Apple Watch in drei Editionen
Weniger, weil sie wie die Konkurrenzprodukte Herzschlag und Joggingkilometer vermisst. Sondern, weil sie vom Design her einen Schritt weitergeht. Auch wenn sich zeigen muss, ob das reicht. Die smarte Uhr gibt es in drei Editionen in jeweils zwei Grössen: Apple Watch, Watch Sport und Watch Edition. Apple Watch muss dabei mit dem iPhone verbunden sein, alle drei Ausgaben bieten die Möglichkeit zur Vernetzung.
Die sportliche Ausgabe erinnert mit ihren bunten Armbändern leicht an Swatch-Uhren, sie hat ein Aluminiumgehäuse, die elegantere Edition ist mit 18-karätigem Gold verkleidet. Das Innovative an den Modellen ist die Steuerung: Über ein Rädchen an der Seite des Uhrengehäuses kann der Nutzer scrollen, zoomen und per Knopfdruck ins Hauptmenü zurückkehren.
Apple Watch ab 349 Dollar
Die Apple Watch bietet eine putzige Messengerfunktion, bei der die Nutzer ihre Botschaften freihand zeichnen können. Auch Siri und Google Maps sind integriert. Ausserdem können Nutzer neue Apps herunterladen, um die Uhr etwa in den Hotels des «Starwood»-Kette auch als Zimmerschlüssel einzusetzen oder, um die Parkposition ihres Autos wiederzufinden.

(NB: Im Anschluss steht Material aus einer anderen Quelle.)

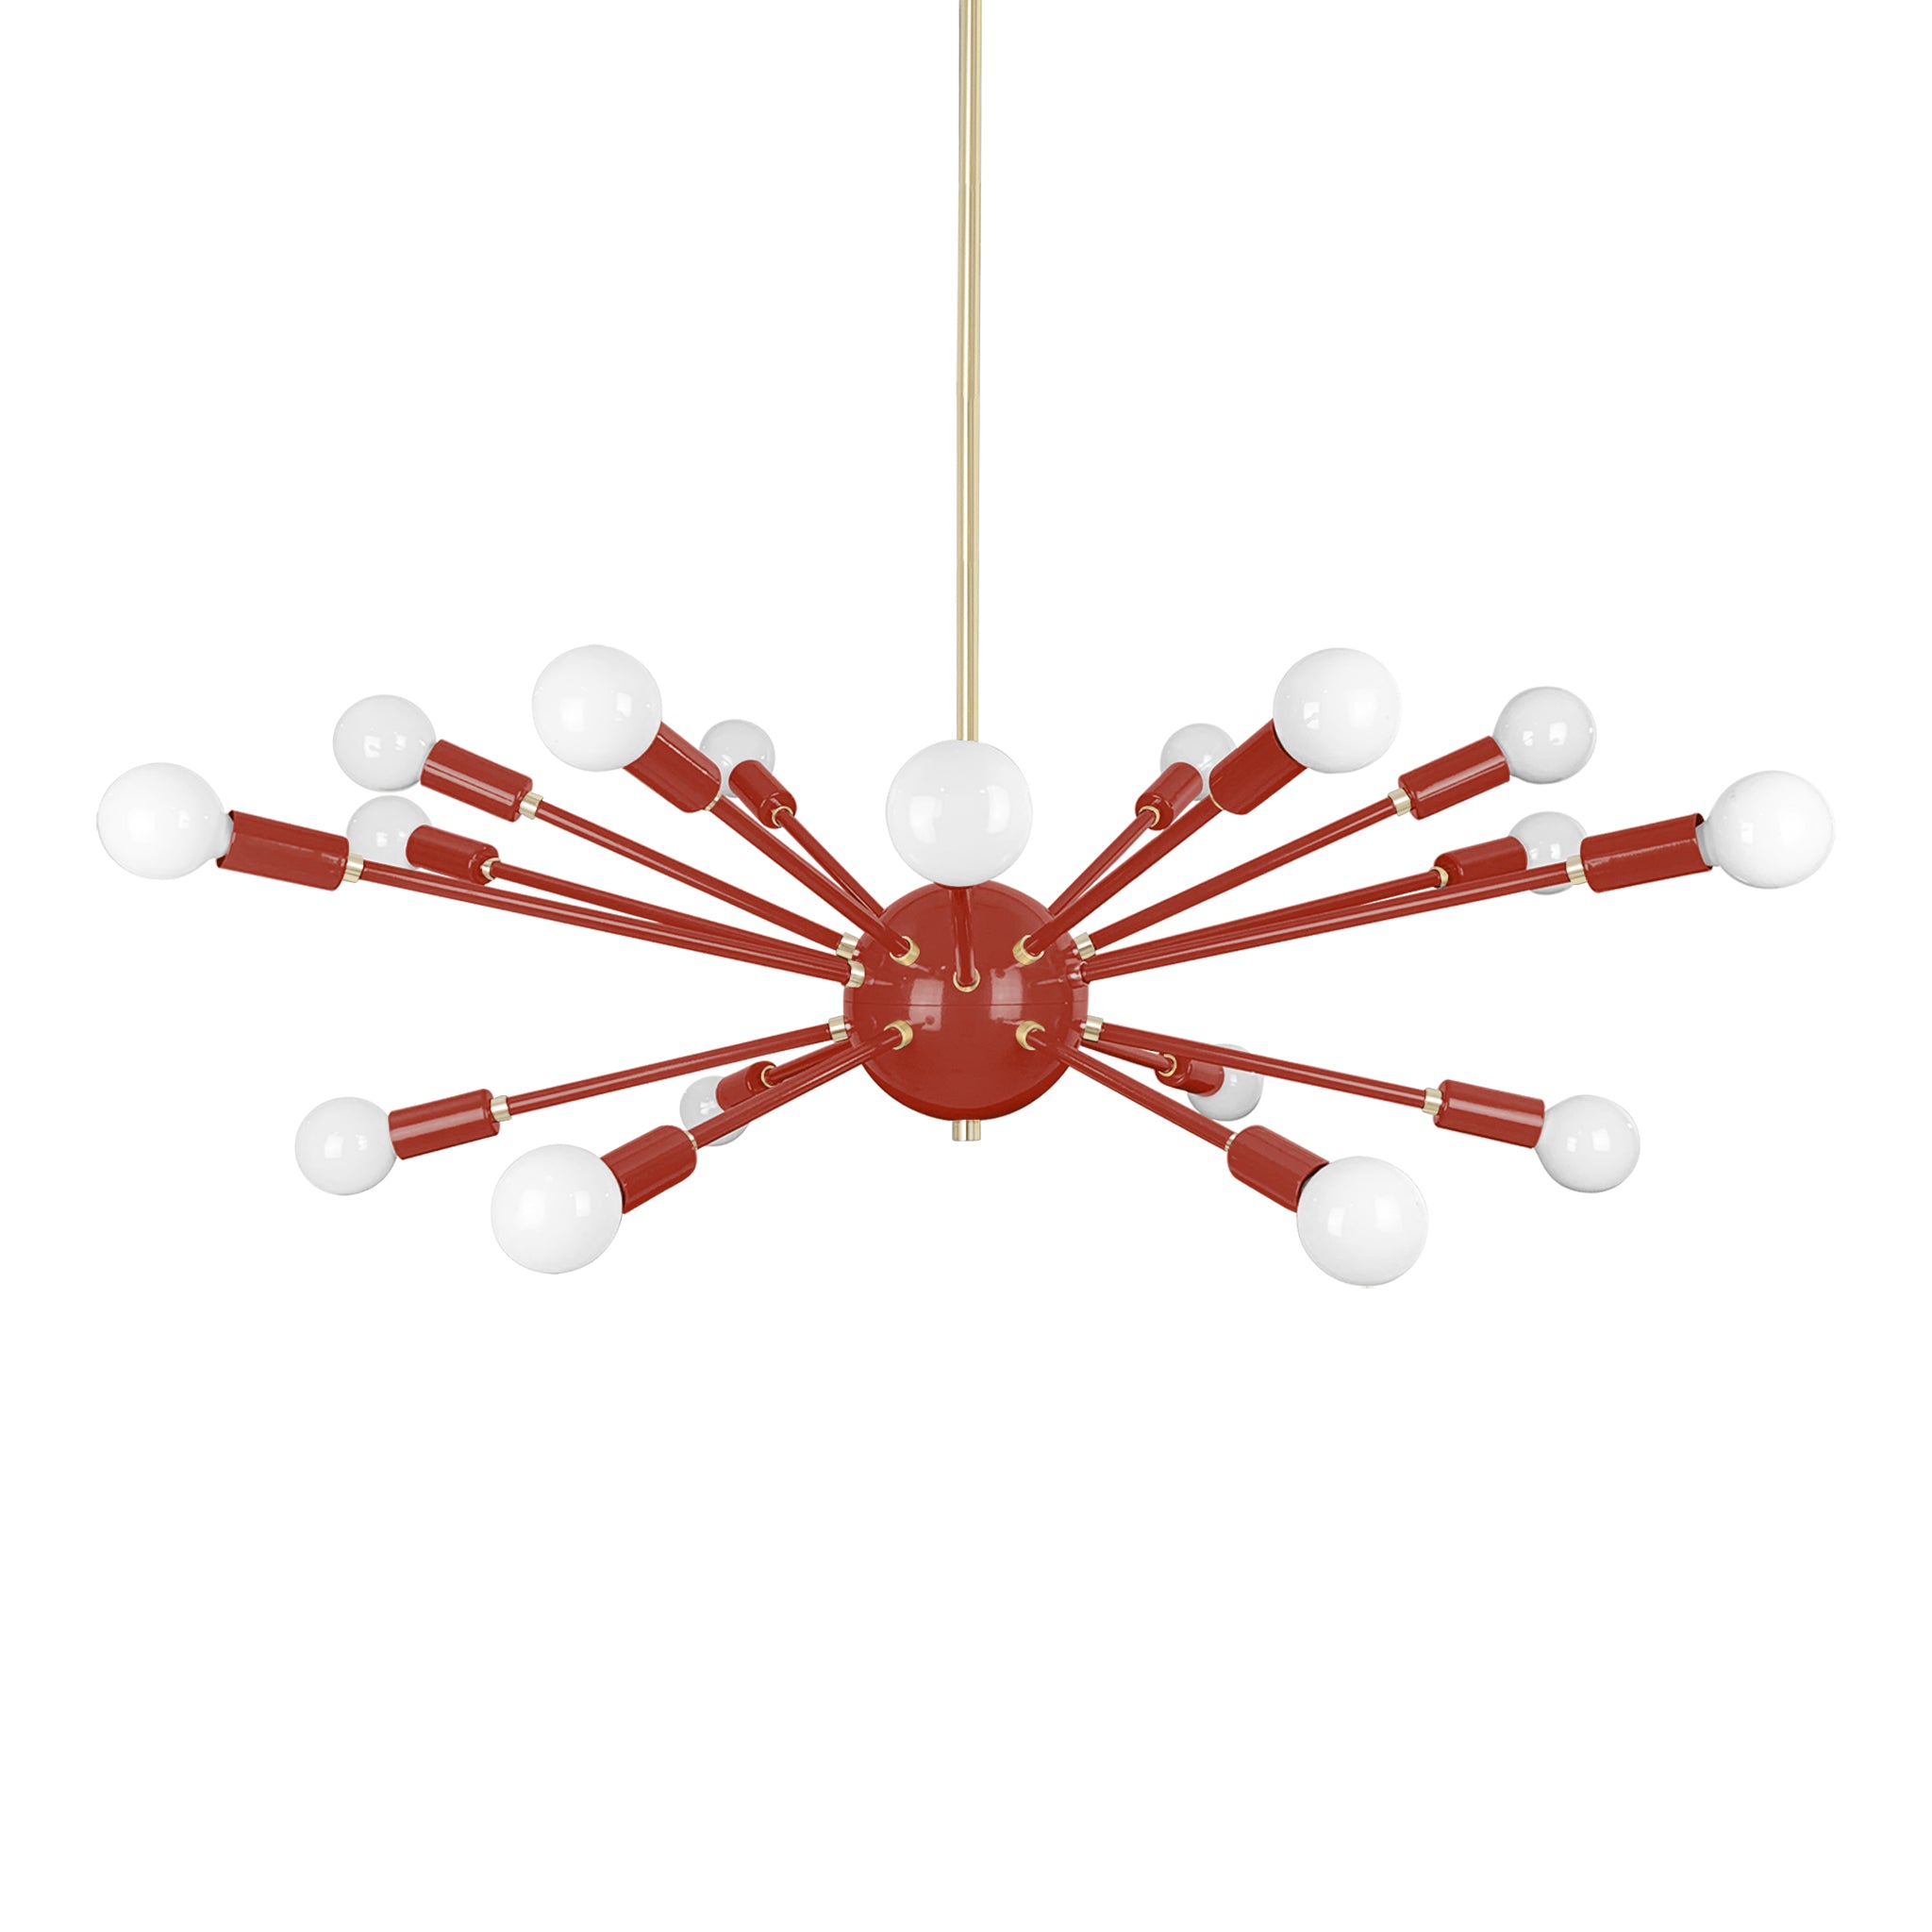 Brass and riding hood red color Elliptical Sputnik chandelier 32" Dutton Brown lighting

Die Apple Watch wird im Frühjahr 2015 auf den Markt kommen, sie soll ab 349 Dollar kosten. Die Preise für die Smartphones variieren von 199 Dollar für die 16 Gigabyte-Version des iPhone 6 bis 499 Dollar für die 128-Gigabyte-Version des iPhone 6 Plus. Das iPhone kann in den USA ab dem 12. September bestellt werden, Verkaufsstart ist am 17. September. Preise und Lieferdatum für die Schweiz sind noch nicht bekannt.
Apple-Rallye gebremst
Ob Tim Cook mit dieser Präsentation tatsächlich einen historischen Tag zu feiern hat, kann erst die Zeit beantworten. An den Börsen sind die Neuheiten zunächst relativ freundlich aufgenommen worden: Zwar wurde die anfängliche Apple-Rallye gebremst, doch anders als nach vielen vorherigen Präsentationen verlor der Kurs bis zum Börsenschluss gerade einmal 0,38 Prozent.